Berulang kali Nuri memperhatikan Hans yang masih membaca file yang kini berada di tangannya setelah Nuri menyerahkan padanya.
“Kenapa, matamu, sakit?” tegur Hans tanpa mengalihkan perhatiannya dari lembaran kertas di depannya.
Merusak selera. Padahal Nuri baru saja berniat mencari makanan yang ada di lemari Hans setelah pria itu memberikan kebebasan mengeksploitasi harta karun yang ada di rumahnya tersebut.
Apa sih susahnya bersikap ramah sama orang lain. Apakah karena dia adalah karyawannya sehingga Hans merasa tidak pantas beramah tamah padanya?
Wooi, aku ini manusia juga sama seperti dirimu, Kau memang seorang direktur tapi tidak begitu juga bersikap dengan seorang wanita.
Tapi…ada kesalahan besar yang terjadi saat ini. Nuri adalah karyawannya Hans, dia justru yang harus menjaga sikapnya kalau tidak mau dipecat. Bukankah peraturan seorang atasan tidak pernah salah?
Seandainya saja Hans mau bersikap ramah, lelaki itu sangat menarik. Nuri yakin kalau Hans adalah lelaki yang baik. Sayang dia terlalu sombong untuk turun dan menjejak bumi.
“Oh. Saya hanya mau memastikan kalau hasil kerja saja bisa diterima bapak dan tidak ada perbaikan,” jawab Nuri buru-buru.
Setelah rasa hausnya hilang, Nuri sudah bersiap-siap pulang. Sudah tidak ada lagi semangat untuk mencari apa pun yang bisa membuatnya kenyang. Lebih baik dia segera pulang dan mencari makanan di luar dari pada dia terus gerilya di lemari Hans.

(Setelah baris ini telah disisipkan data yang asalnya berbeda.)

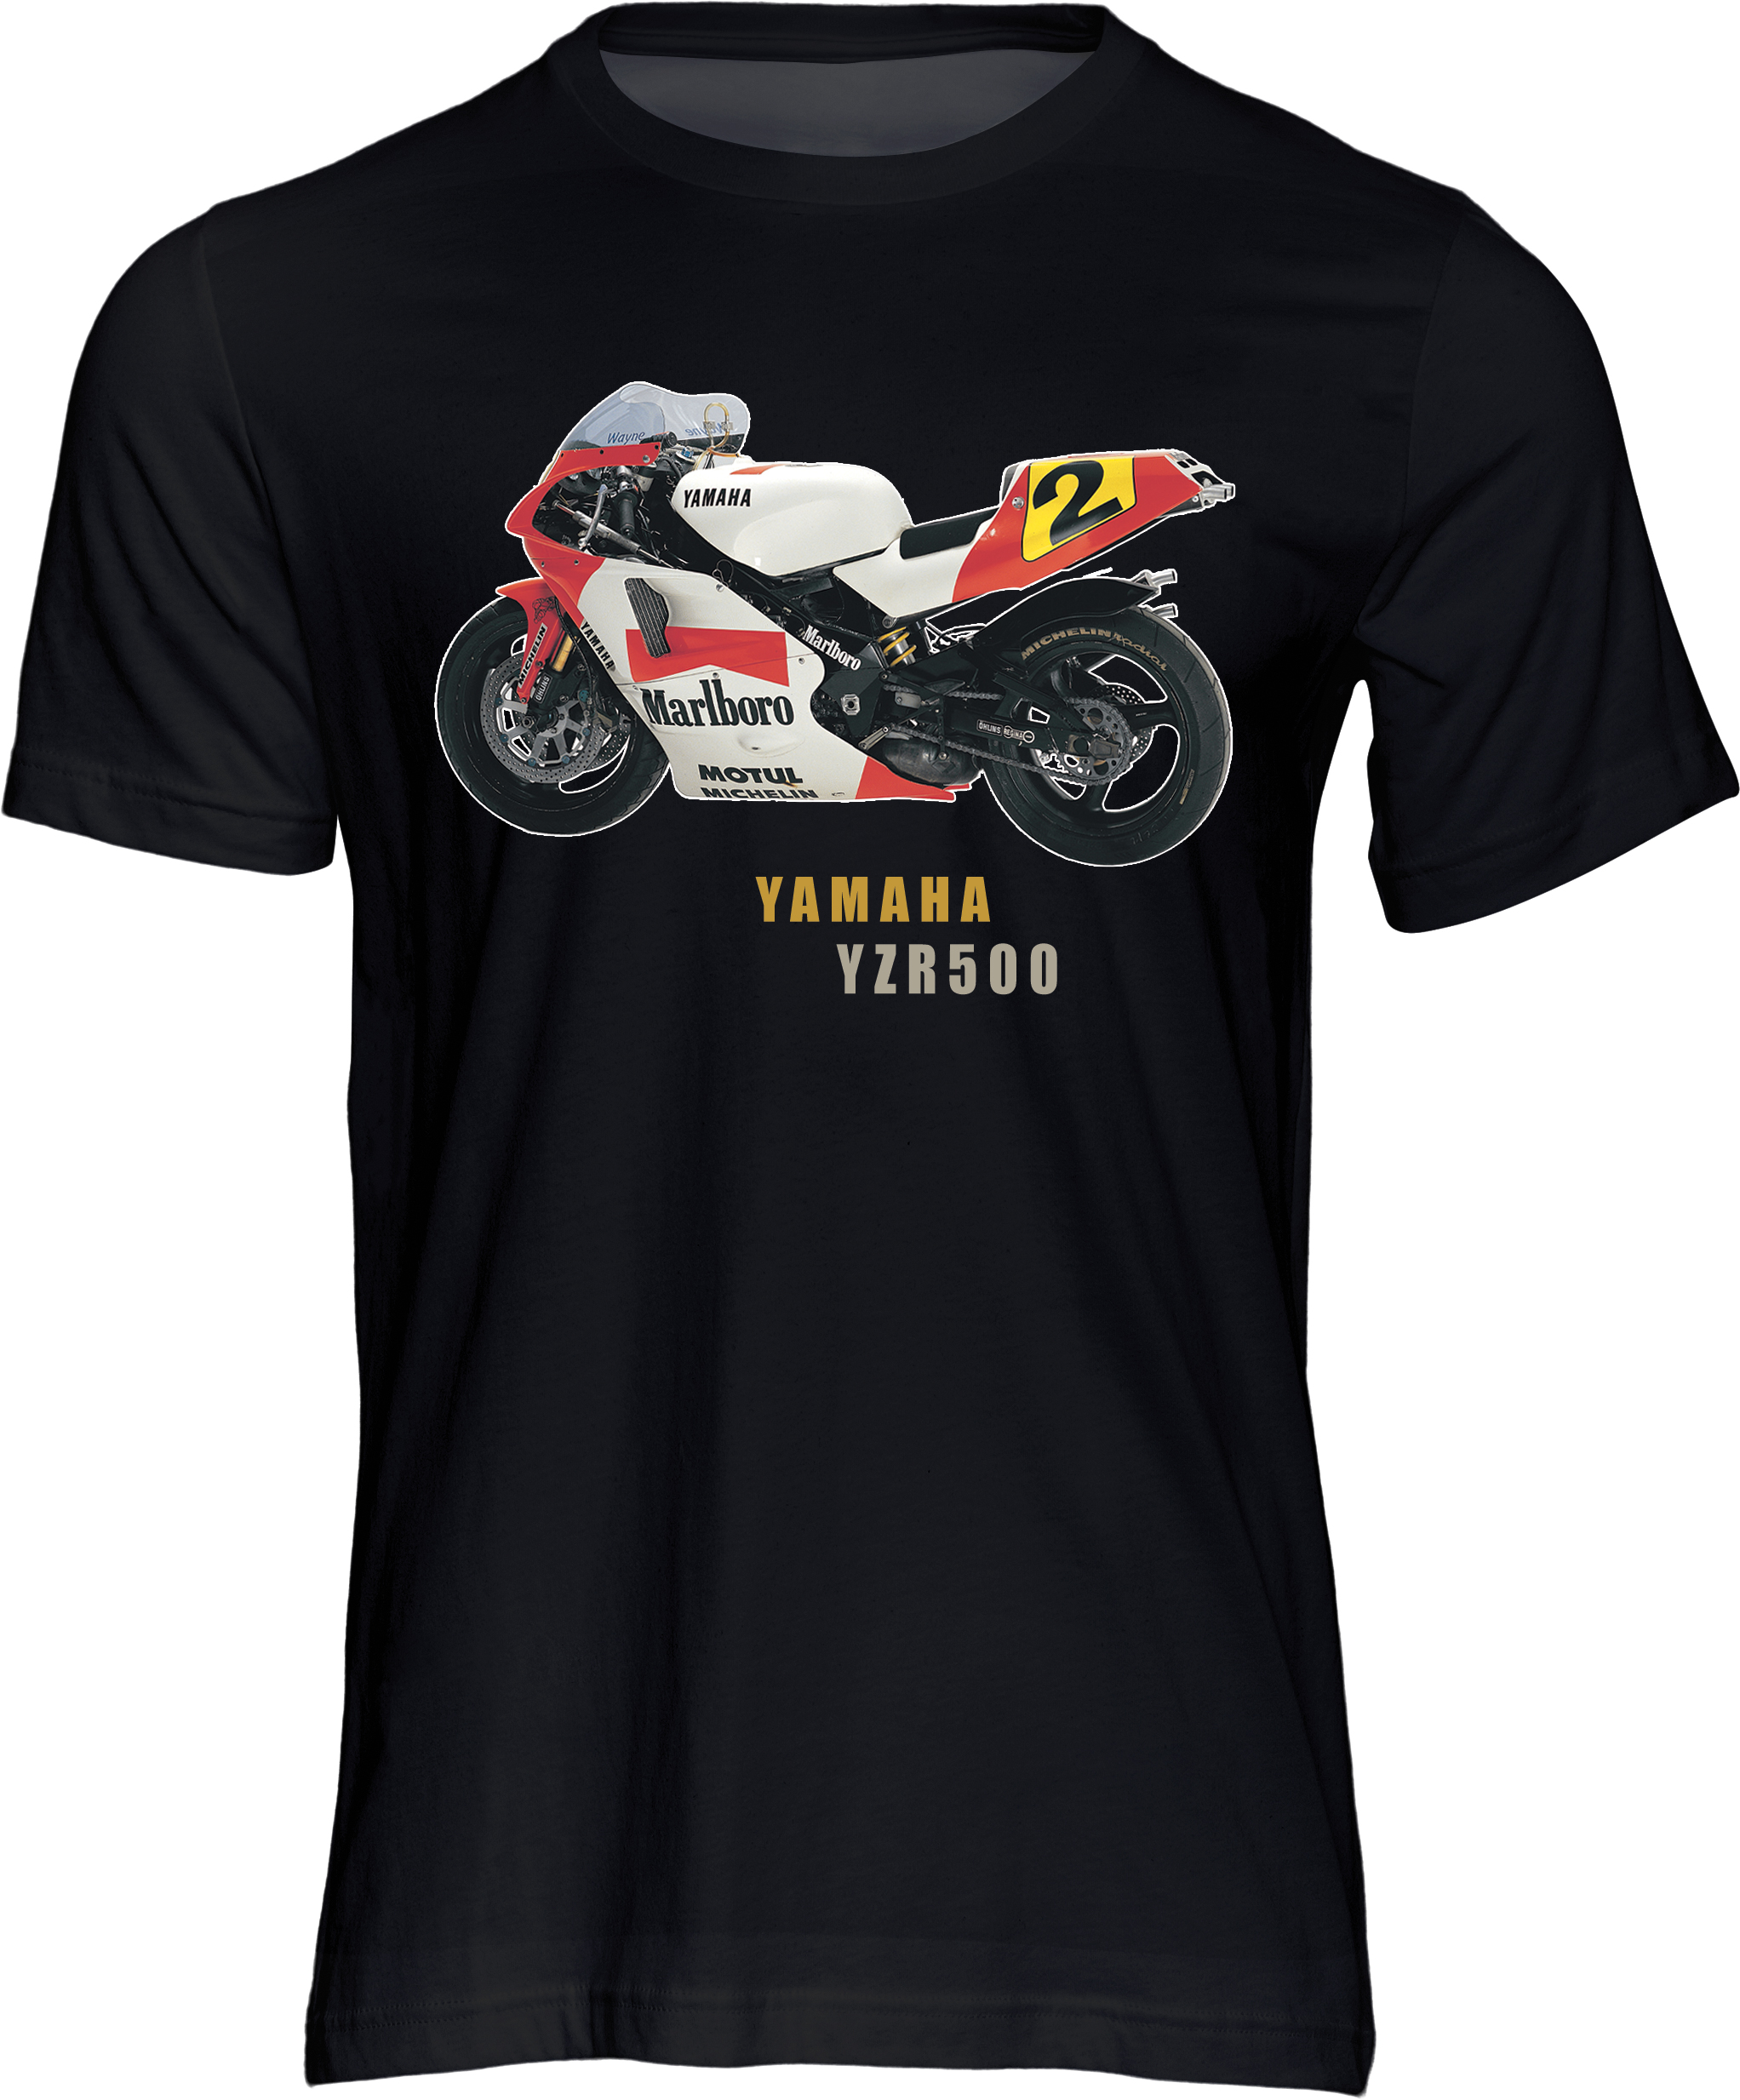 Yamaha YZR500 T-shirt Black

Bagaimana pun Hans sudah mendapatkan hasil dari pekerjaan yang sudah dia lakukan setengah hari tadi. Dari roman wajahnya Nuri yakin kalau semuanya baik-baik saja.

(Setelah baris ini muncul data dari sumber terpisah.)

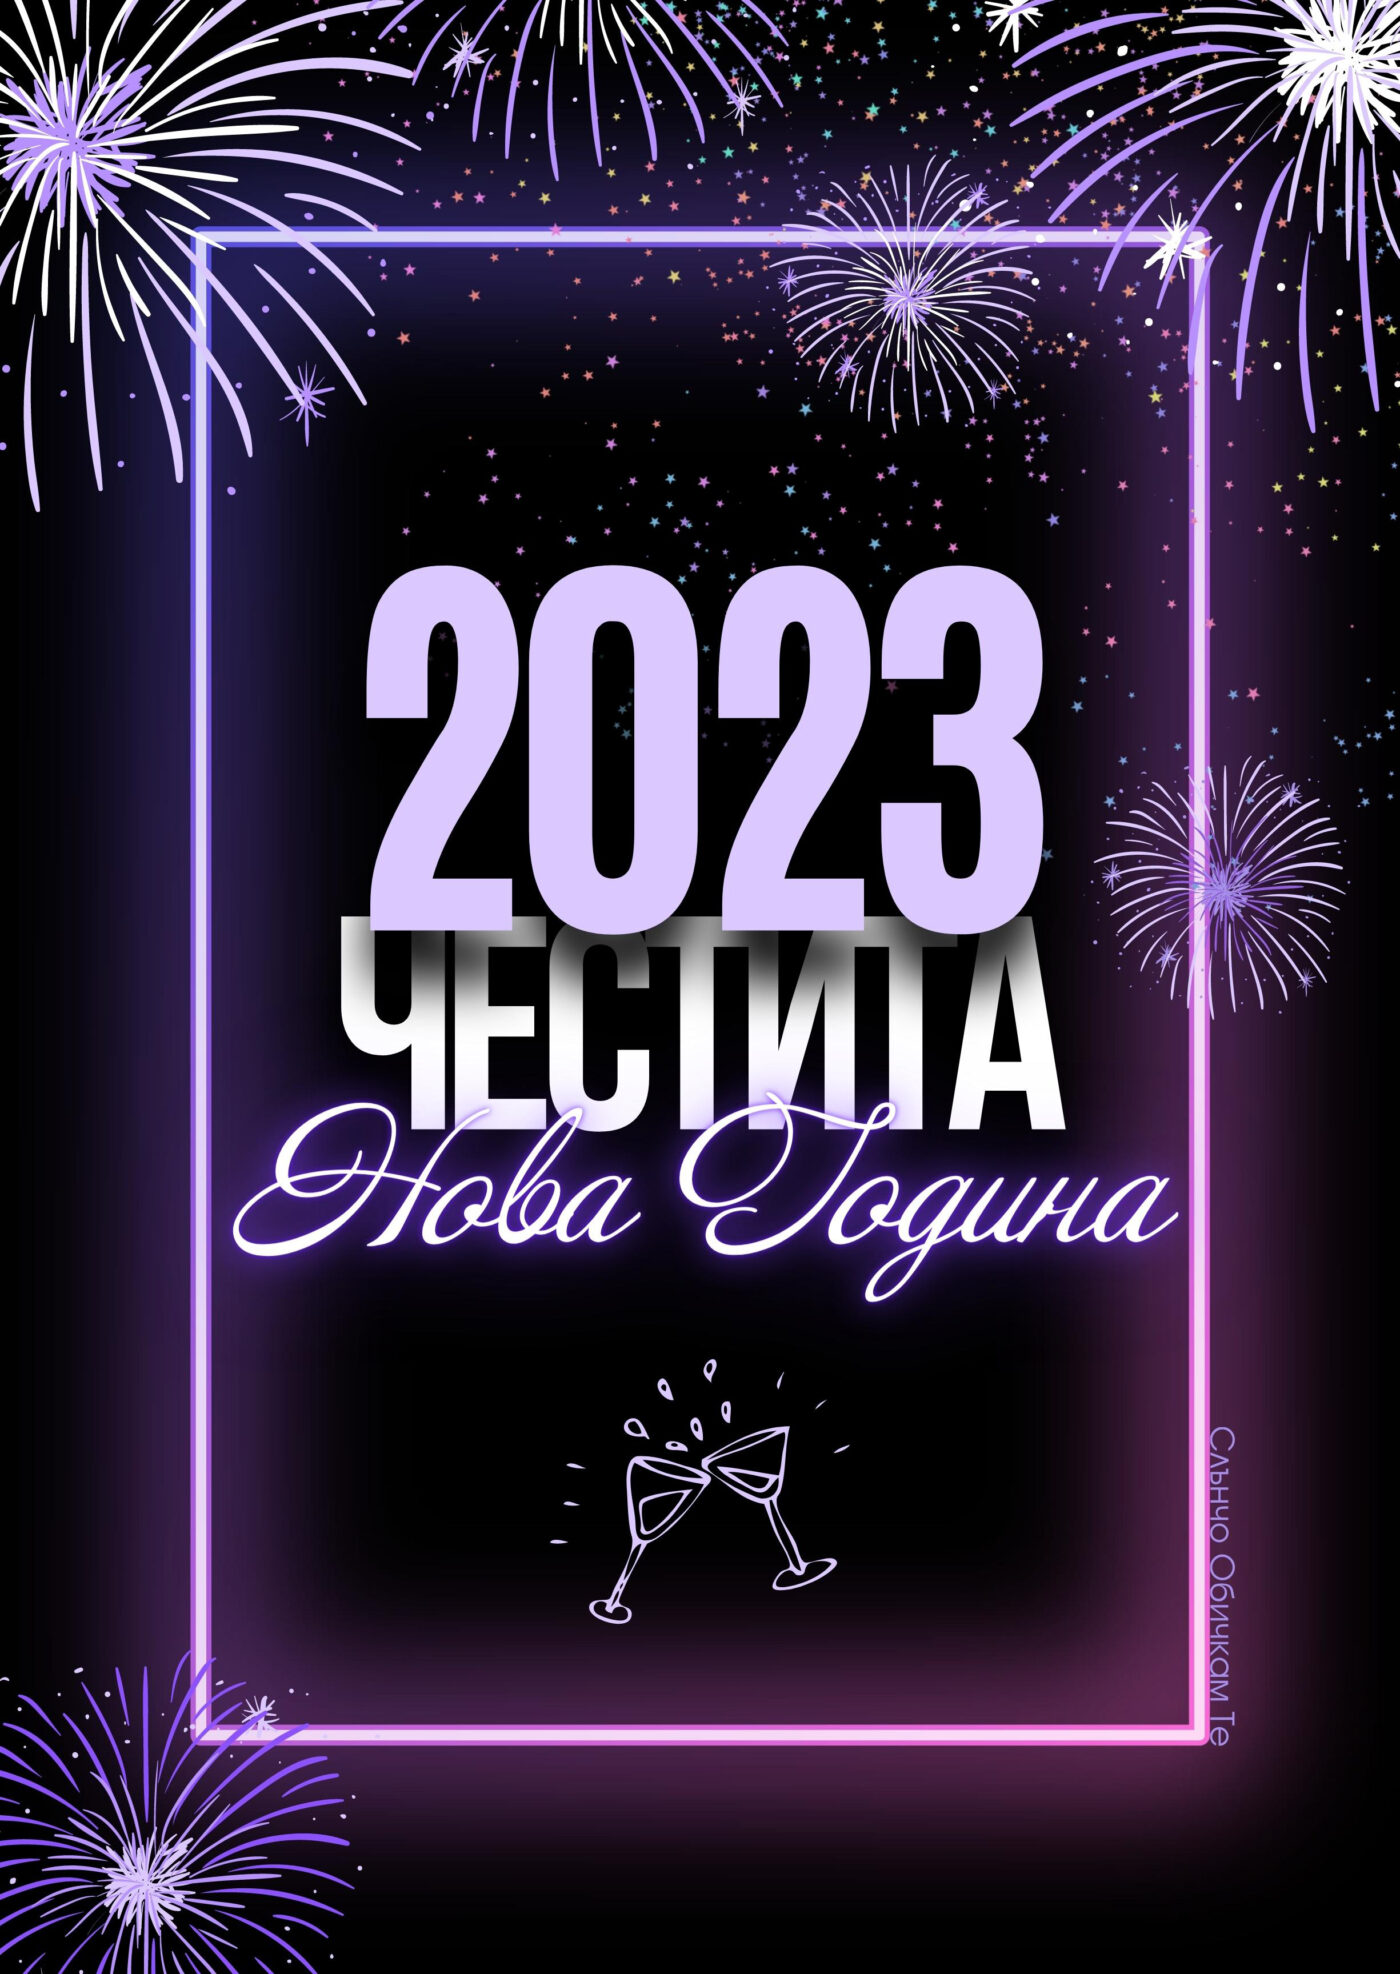 Честита Нова Година 2023 в лилаво - Новогодишни картички, Нова година 2023, честита нова година, картички за нова година 2023, пожелания за нова година, слънчо обичкам те

“Tidak ada. Kau bekerja dengan baik dan konsentrasi sehingga aku sangat puas. Besok temui aku jam 7.30 di ruanganku,” beritahu Hans.
“Tujuh tiga puluh? Maaf, setahu saya jam kerja itu dimulai dari jam 8.30 sampai jam 16.30. Apa saya lembur se-jam?”
“Ternyata kamu wanita yang penuh perhitungan. Benar. Kau lembur 1 jam. Jadi jangan terlambat kalau kau mau mendapat bayaran.”
Nuri terdiam. Tidak ada maksud di dalam hatinya untuk perhitungan, selama ini dia bahkan tidak pernah memperhitungkan apakah dia lembur atau tidak.
Selama bekerja Nuri seringkali pulang malam apa bila dia belum menyeselaikan pekerjaannya meskipun dia bisa melakukannya besok pagi.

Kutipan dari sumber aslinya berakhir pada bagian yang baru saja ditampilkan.